(Reuters) - Oilfield services firm BJ Services filed for Chapter 11 bankruptcy protection early on Monday, following a severe cut in demand and cash crunch due to the coronavirus pandemic.
The company, which offers hydraulic fracturing of shale wells, said it was in discussions with bidders for sale of its cementing business and portions of its fracking operations.
“Severe downturn in activity and subsequent lack of liquidity resulted in an unmanageable capital structure”, Chief Executive Officer Warren Zemlak said, and added BJ Services was working with its lenders to get liquidity to fund the sale.
The fracking company, which filed for Chapter 11 in the bankruptcy court in Southern District of Texas, listed assets and liabilities in the range of $500 million to $1 billion.
BJ services, which operates in shale basins in Canada, said it would file seeking protection under the Companies’ Creditors Arrangement Act for an orderly wind-down of operations in the country.

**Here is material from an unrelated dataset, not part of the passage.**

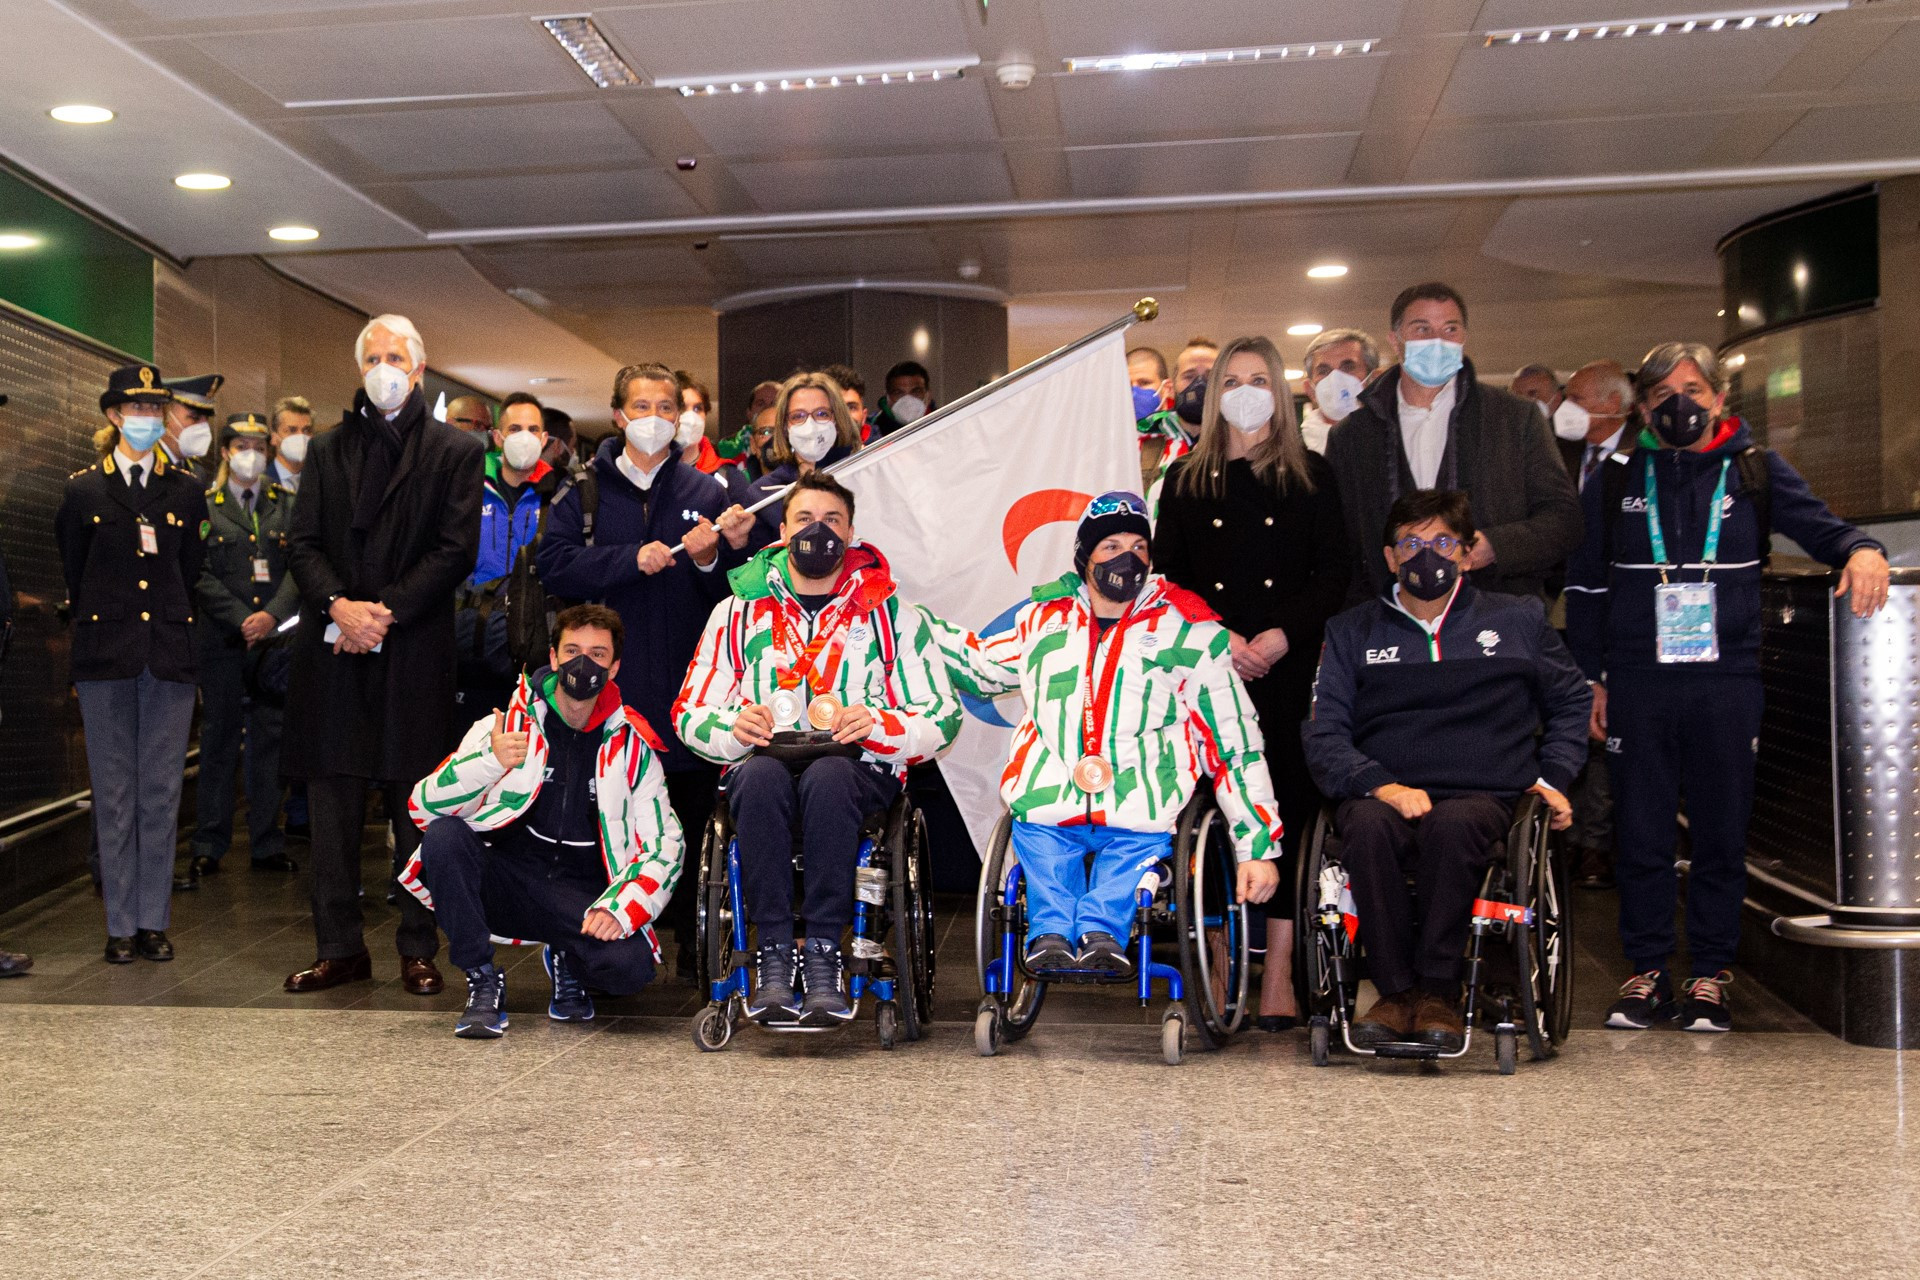 Paralympic Flag arrives in Milan from Beijing 2022 as symbol in "darkest times"
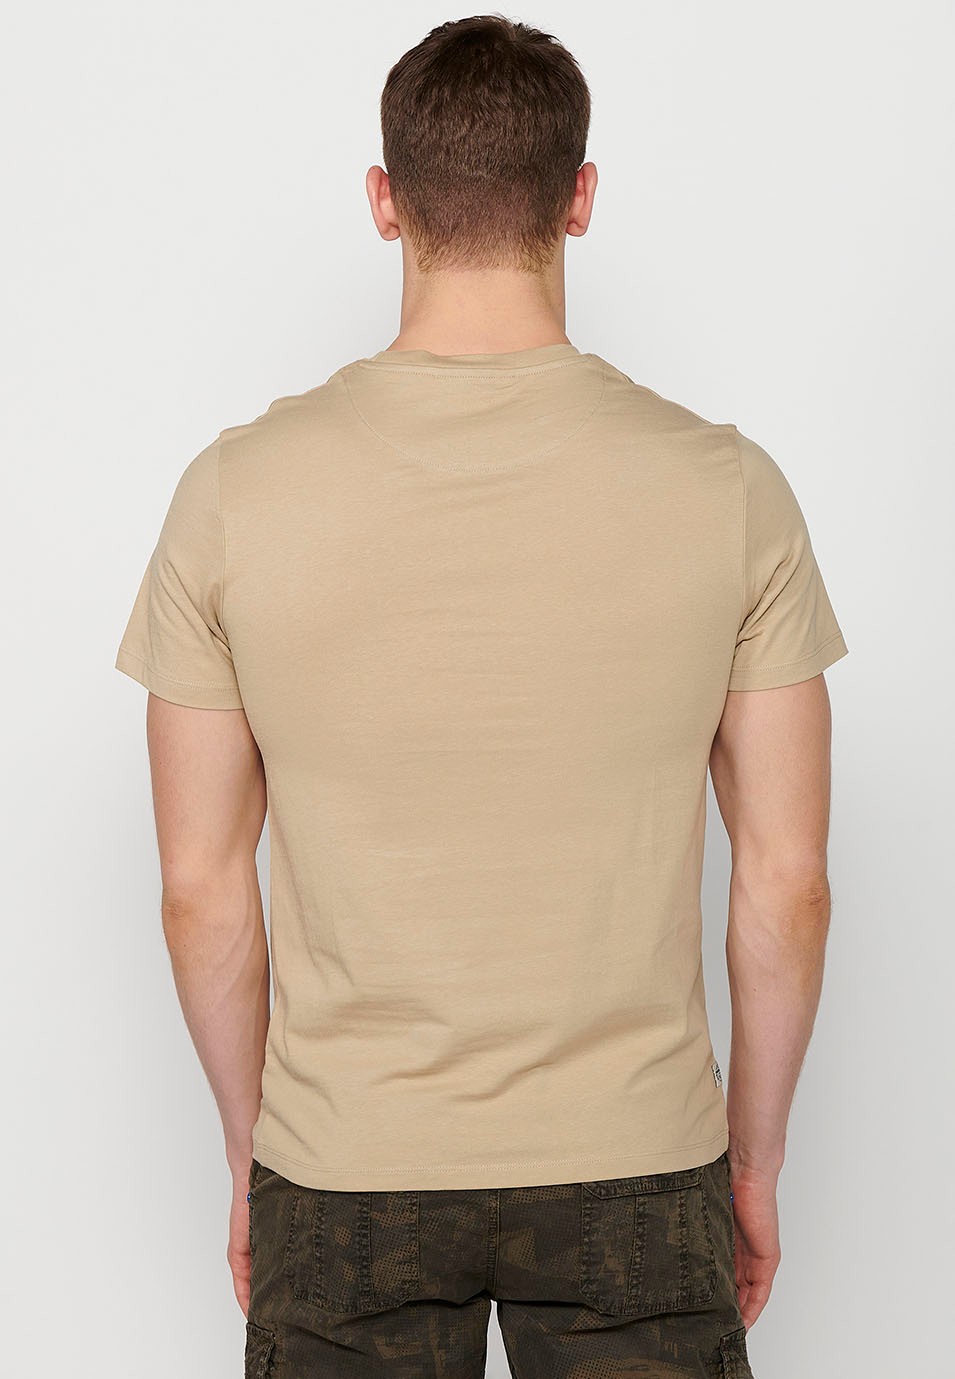 Stone-colored printed cotton short-sleeved t-shirt for men

Oilfield service giant Baker Hughes Co closed a $6.8 billion deal to buy the company in 2010.
BJ Services in 2017 began operating as an independent joint venture after Baker Hughes sold a 53.3 percent stake in the hydraulic fracturing and cementing business to private equity firm CSL Capital Management and Goldman Sachs’ West Street Energy Partners for $325 million.
BJ Services, which has crews in shale basins across the United States and Canada, withdrew its plans for a $100 million initial public offering in 2019, which it had initially filed in 2017.